Институциональные аспекты митигации

 

В последние десятилетия в сферу исследовательского интереса лингвистической науки все активнее вовлекается изучение  коммуникативных феноменов, направленных на сохранение баланса интересов и эспектаций собеседников в процессе общения, на предотвращение и разрешение возникающих конфликтов, к которым принадлежит и анализируемая в настоящей статье категория коммуникативного смягчения, определяемая в западной лингвистике термином «митигация».

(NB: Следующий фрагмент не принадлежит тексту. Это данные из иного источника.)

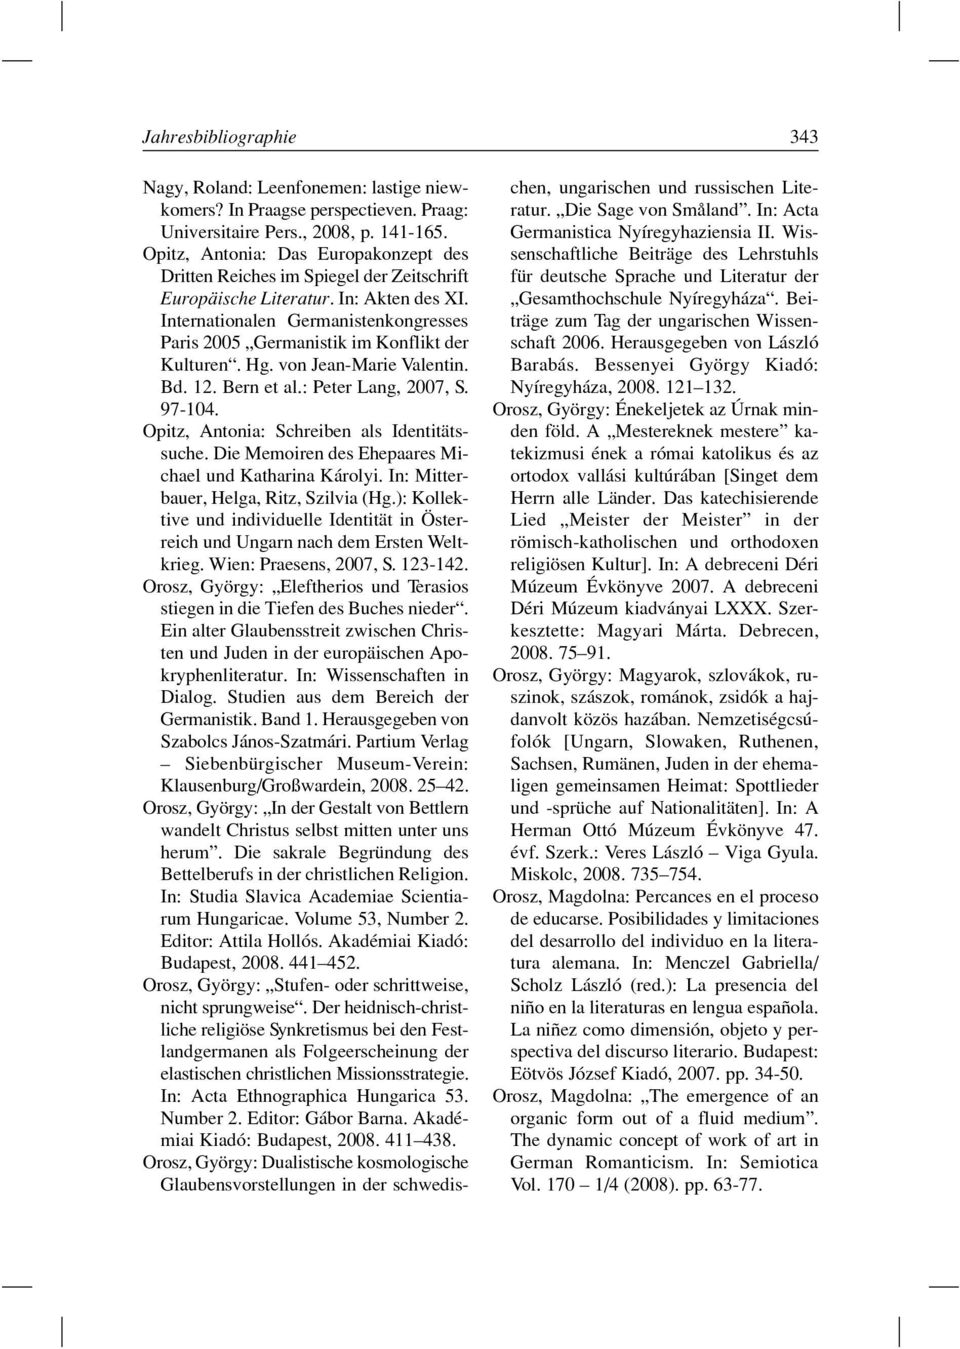 Internationalen Germanistenkongresses Paris 2005 Germanistik im Konflikt der Kulturen. Hg. von Jean-Marie Valentin. Bd. 12. Bern et al.: Peter Lang, 2007, S. 97-104.

Основным содержанием митигации, как коммуникативной категории, являются прескрипции, установки и правила, детерминированные максимами вежливости и направленные на минимизацию коммуникативных рисков в интеракции, реализуемые  в общении митигативными стратегиями и тактиками, отмеченными этнокультурной спецификой [Тахтарова 2009: 90]. Ключевые митигативные прескрипции, детерминирующие речевой выбор говорящего в потенциально конфликтогенных ситуациях, таковы: антиконфликтность, некатегоричность, неимпозитивность, глорификация (повышение коммуникативного статуса партнеров по коммуникации) и эмоциональная сдержанность. Определяющей прагматической характеристикой высказываний, содержащих митигативные стратегии и тактики, является установка на кооперативное общение, детерминированная генеральной фатической интенцией, направленной на сохранение коммуникативного контакта. Генеральная стратегия иллокутивного смягчения может реализовываться в общении, в зависимости от вида иллокуции, более частными стратегиями оценочного, директивного, ассертивного и т.д. смягчения, которые, в свою очередь, репрезентируются конкретными митигативными тактиками.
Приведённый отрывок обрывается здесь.